What are the four layers of Anthropic's agentic analytics stack?
Data foundations (the warehouse models and their metadata), sources of truth (a semantic layer plus business context the agent navigates), skills (the markdown the agent reads to route and to run the query process), and validation (offline evals, ablation, and online adversarial review). Anthropic credits the skills layer with the jump from 21% to 95%+ accuracy.
Why do data agents return wrong analytics answers?
Anthropic names three causes: concept-to-entity ambiguity (the agent picks the wrong fields), staleness (definitions and schemas drift out from under the agent), and retrieval failure (the right context exists but the agent doesn't find it). Because data is not software, no compiler catches a wrong number, so every layer of the stack exists to kill one of these three.
How is ktx different from Anthropic's internal setup?

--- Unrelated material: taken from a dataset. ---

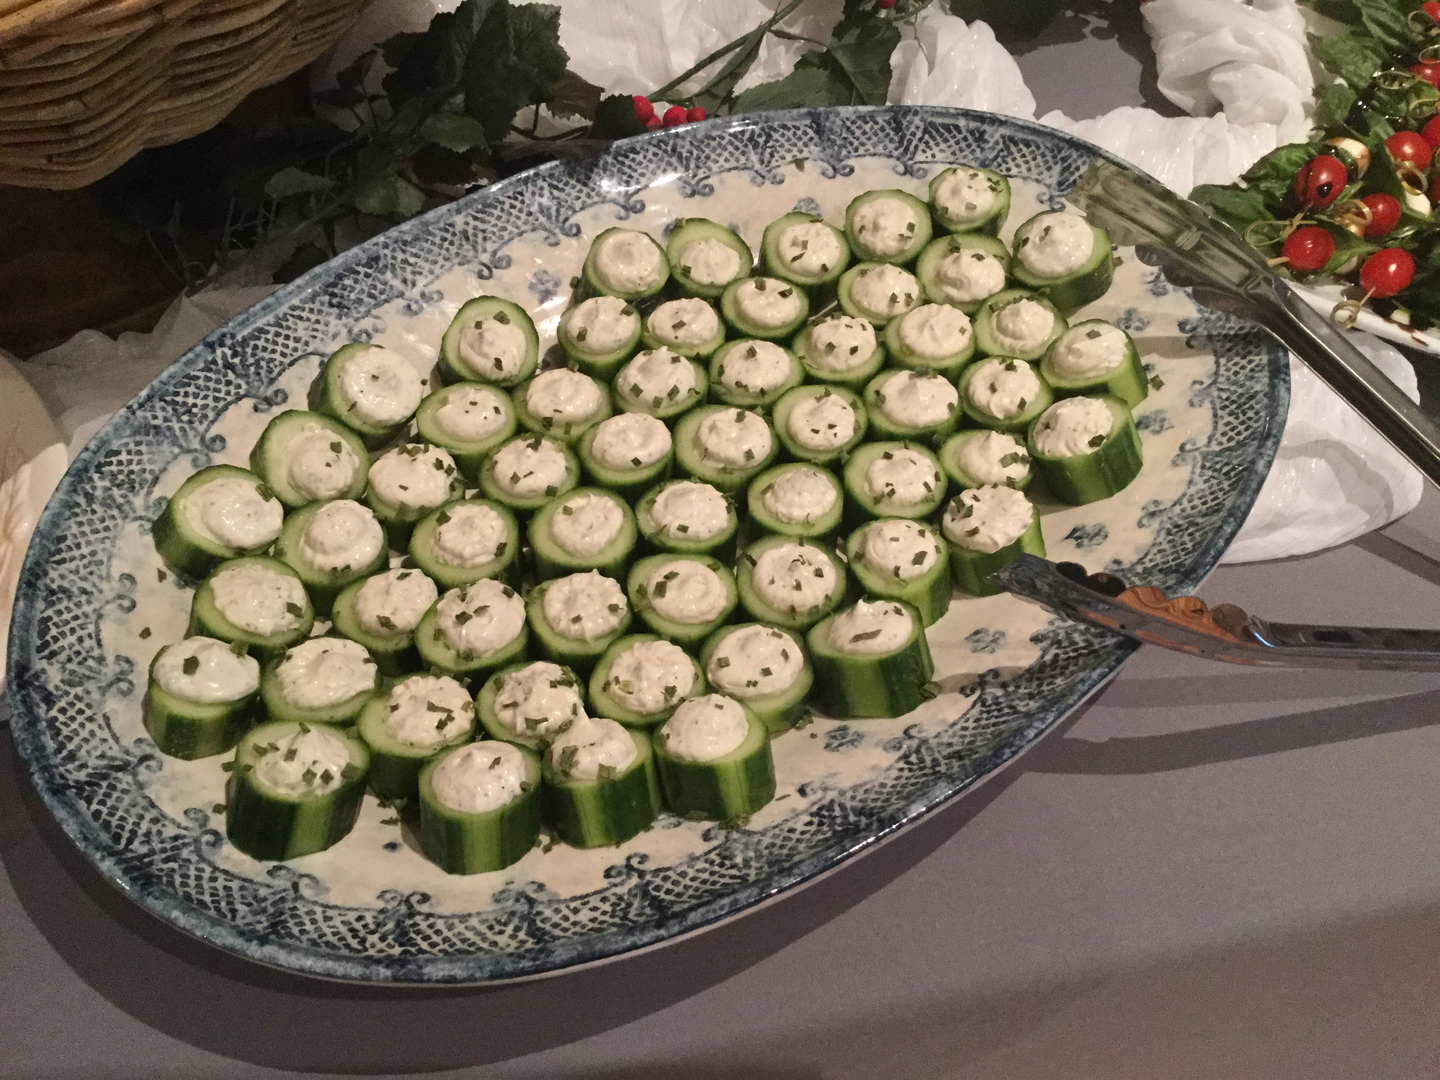 A platter of cucumber slices with cheese on top.
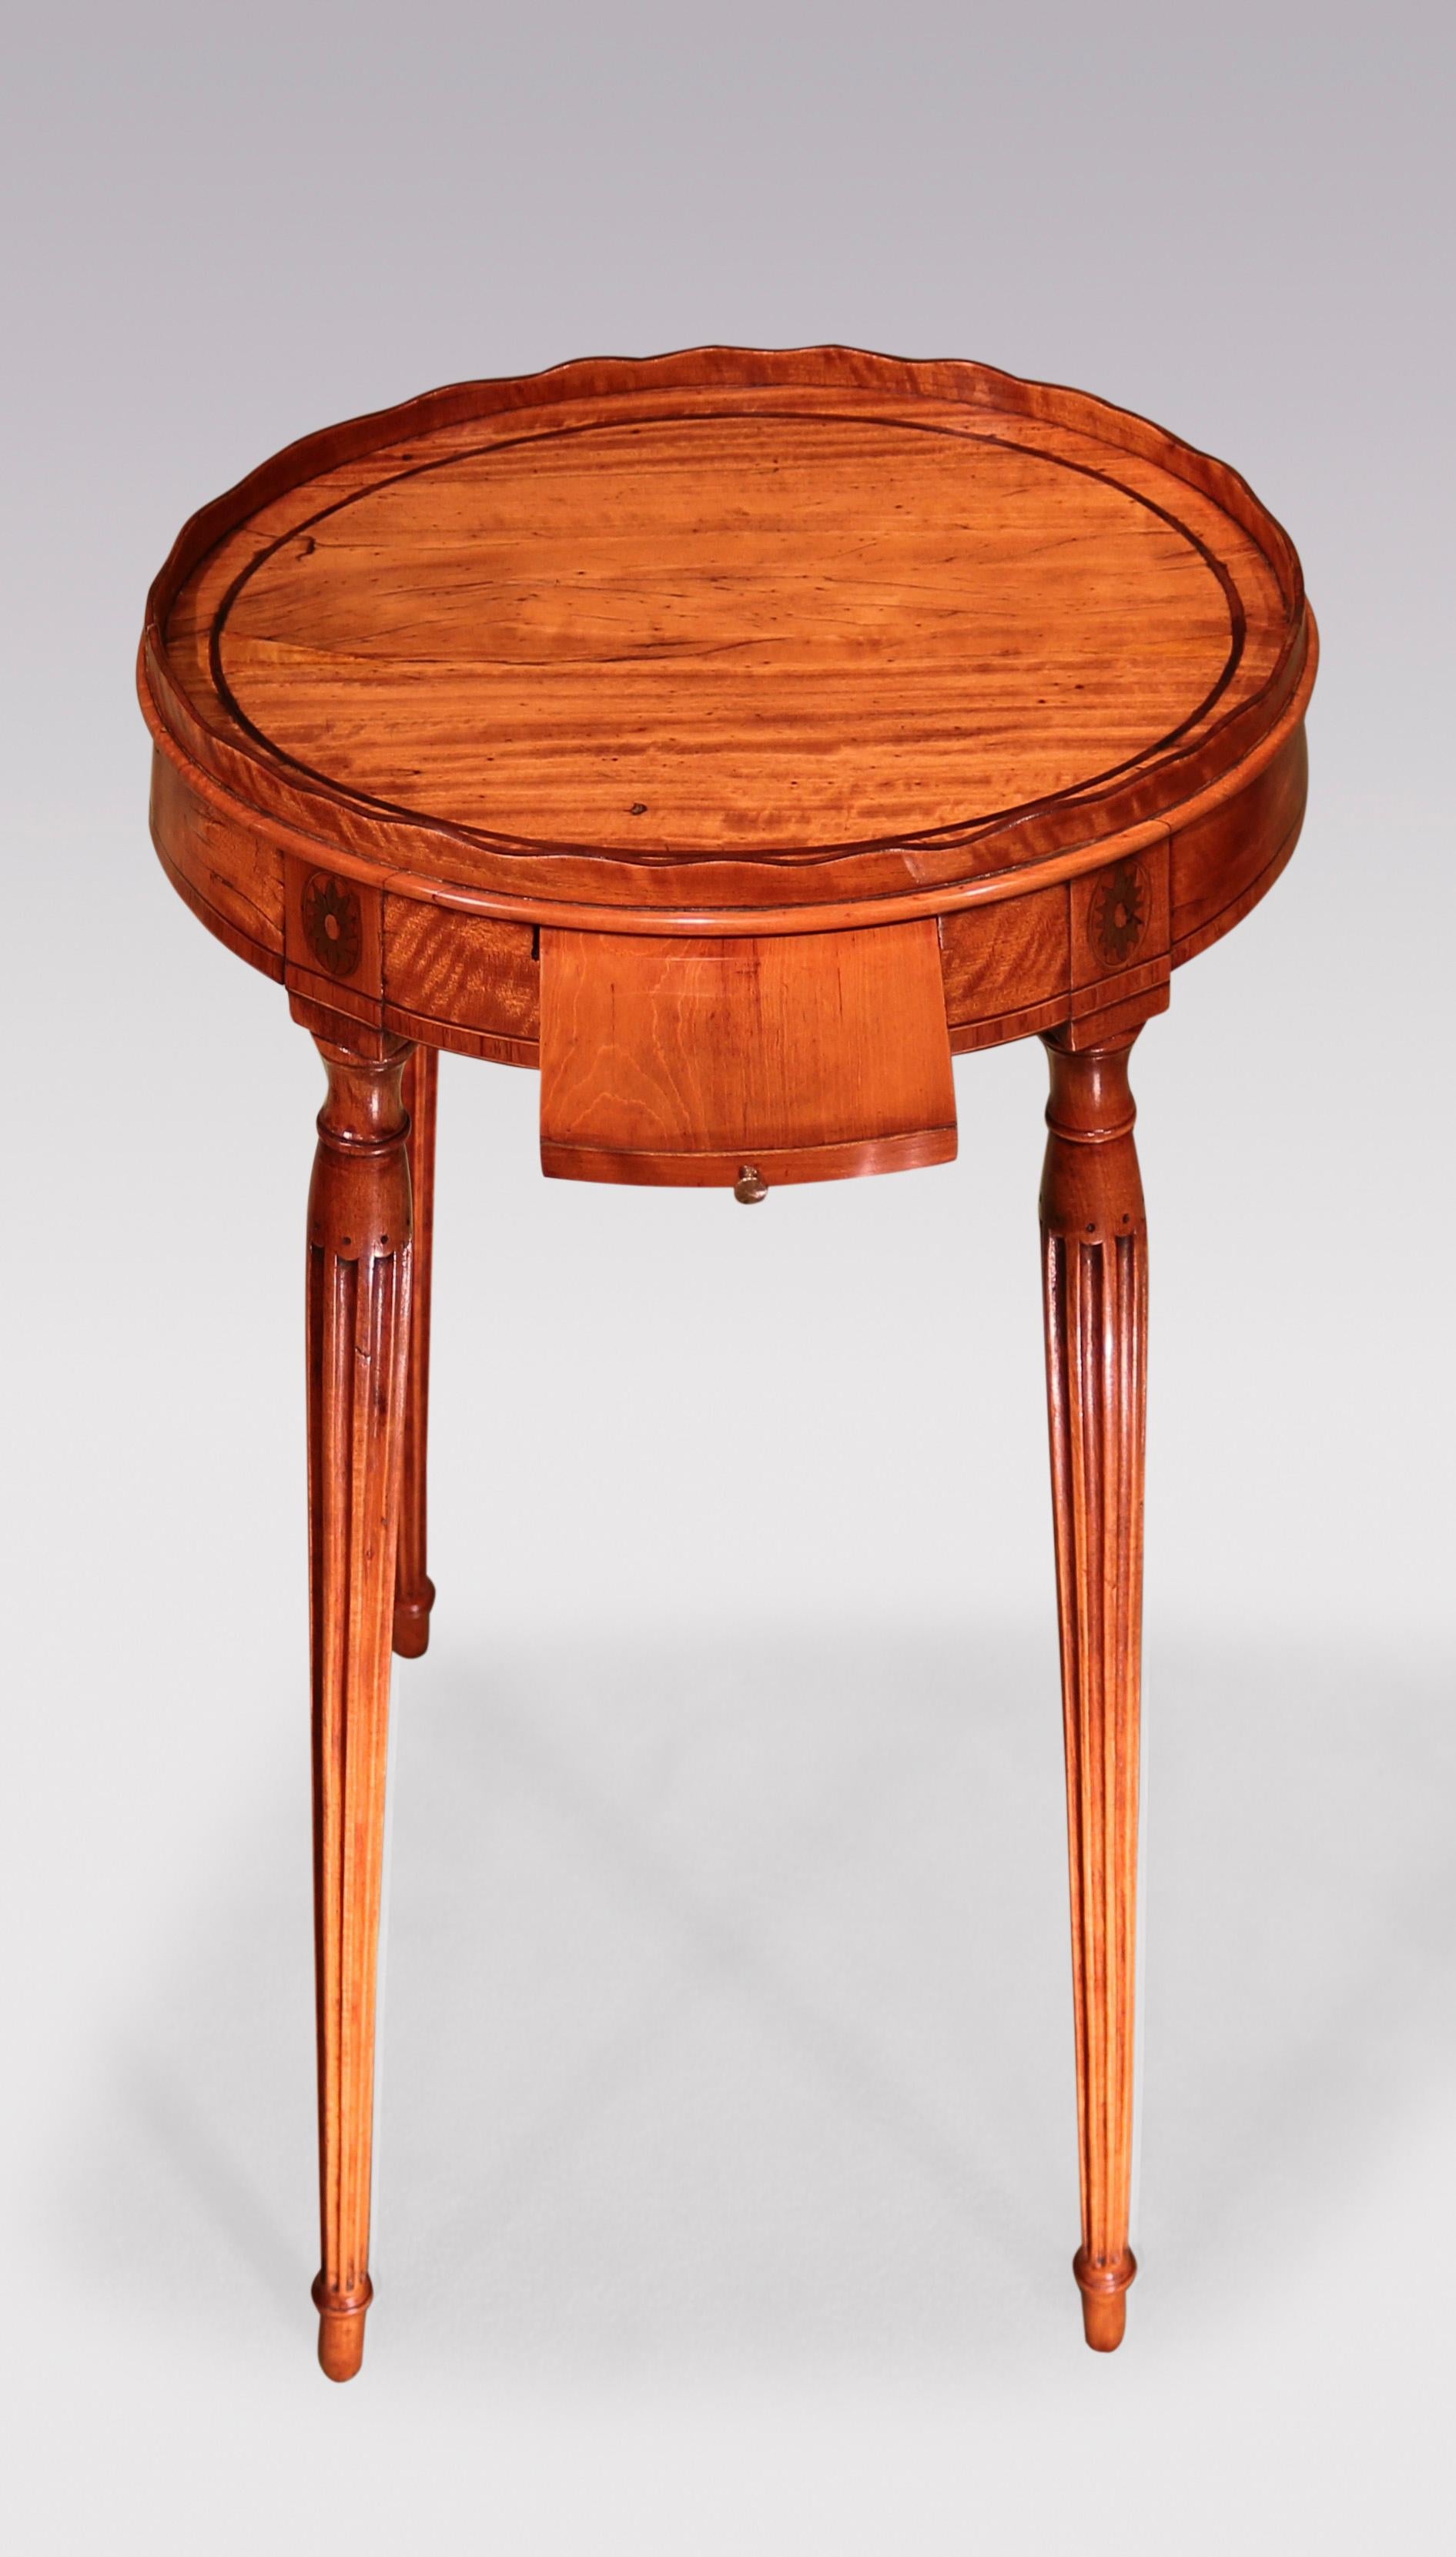 English George III Period Oval Satinwood Kettlestand For Sale

ktx ships the same kind of analytics skill Anthropic describes, so the layers line up closely. The two honest differences are mechanism and maturity. For retrieval, Anthropic has the agent read a folder of markdown on demand, while ktx serves a curated wiki and semantic layer through a four-lane hybrid search and a value dictionary. And Anthropic's hardest accuracy gains came from validation (evals and online adversarial review), which is the layer ktx is thinnest on today and where it's still building.
How do I install ktx?
Run npm install -g @kaelio/ktx then ktx setup, and the wizard walks through connecting your warehouse read-only, pointing at your existing context sources, building the context, and wiring up your agent. ktx is Apache-2.0 and read-only by design.